Bruno Salvador, the hero of John Le Carré's Mission Song reminded me - in his innocence and political naivete - of Voltaire's Candide. Salvo grew up in Africa, an embarrassment to the authorities, since he was the child of a Catholic missionary and a village headman's daughter in the Congo. His father kept this 'accidental son' close till he died when Salvo was ten. The 'secret child' was then raised in a mission school, registered as a foundling adopted by the Holy See and sent to boarding school in England. There, Brother Michael took him under his wing, and saw to an education that developed his linguistic talents.

As the story opens, Salvo is very much in demand as a 'top interpreter of Swahili and the lesser-known but widely spoken languages of the Eastern Congo'. He's married to upper-class Penelope, 'a rising star in the firmament of a mass-market British tabloid capable of swaying millions.' And, unbeknownst to the wife whose entire attention is on her own career, Salvo does odd interpreting jobs for Mr. Anderson of the Ministry of Defence. When the latter calls Salvo out of a black tie party for Penelope, it's not for the usual job - this time he's sent away for several days with a special ops team for 'a bit of live action' as Brian Sinclair.

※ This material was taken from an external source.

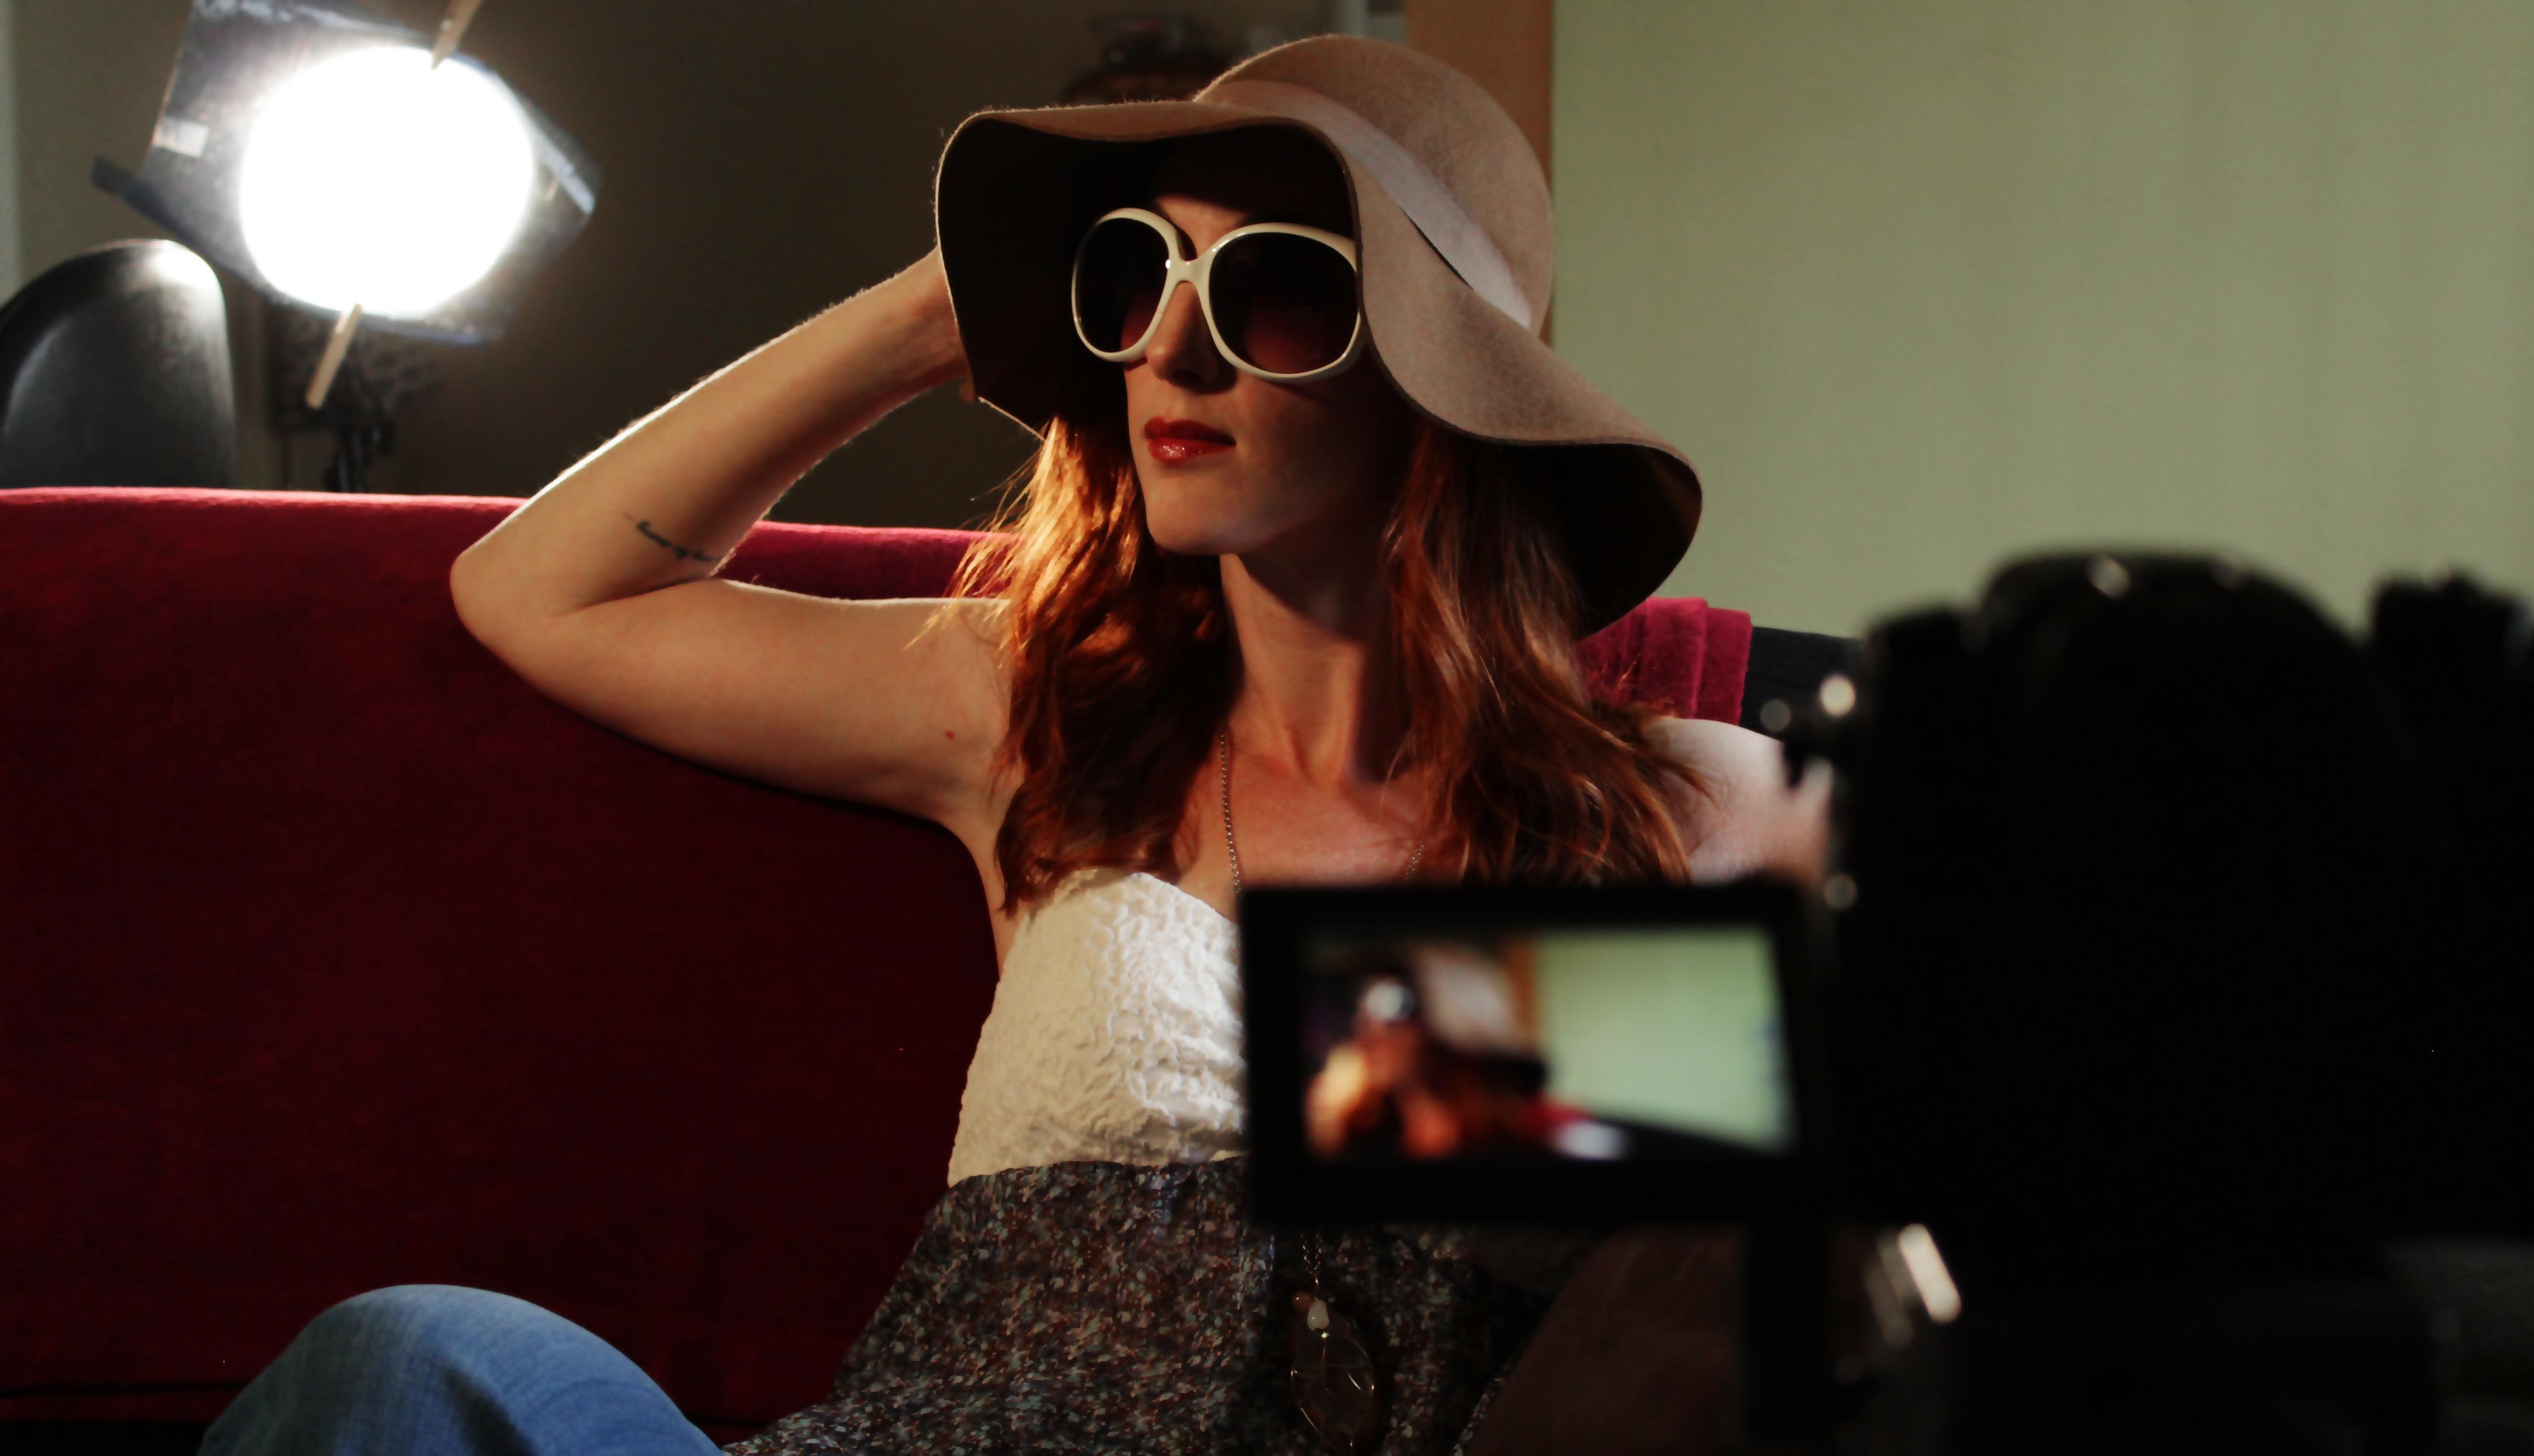 Struggle Short Film Megan Lynn

As readers find out about Salvo's mission, he also reveals other singular events in this pivotal day in his life. While eating in a trattoria, he watched a dapper, diminutive gentleman take his courage in his hands to speak out against a loud 'deluge of dialog' from an over-opinionated woman. And he met the love of his life, a Central African degree nurse named Hannah. They share a concern for the plight of their homeland where 'It's not bullets and pangas and hand grenades that are doing the killing. It's cholera, malaria, diarrhoea, and good old-fashioned starvation, and most of the dead are less than five years old.' Salvo and Hannah spend the night together, just before he disappears on his clandestine mission.

The neophyte secret agent successfully carries out his tasks - to translate during a secret conference of key figures whose objective is 'delivering democracy at the end of a gun barrel to the Eastern Congo', but also to listen in on participants' private conversations via electronic eavesdropping from the cellar. One of the delegates, Haj, refers to Salvo as a zebra (half black, half white). After hearing more than he was intended to, Salvo develops reservations about the intentions of the group he's working for, and sneaks out tapes. He returns to Hannah - leaving Penelope who's already ditched him - and they both try to understand what to do with the information he has, and in particular whom to trust.

They soon discover that no-one is who they appear to be, there are wheels within wheels, and the good of the Congolese people is not a priority to anyone involved. As can be expected - you don't beat the system in a Le Carré novel - the powers that be win, but Salvo and Hannah do make a difference, and there is a glimmering of hope in the ending. At age seventy-five, John Le Carré is still in fine writing fettle - don't miss Mission Song.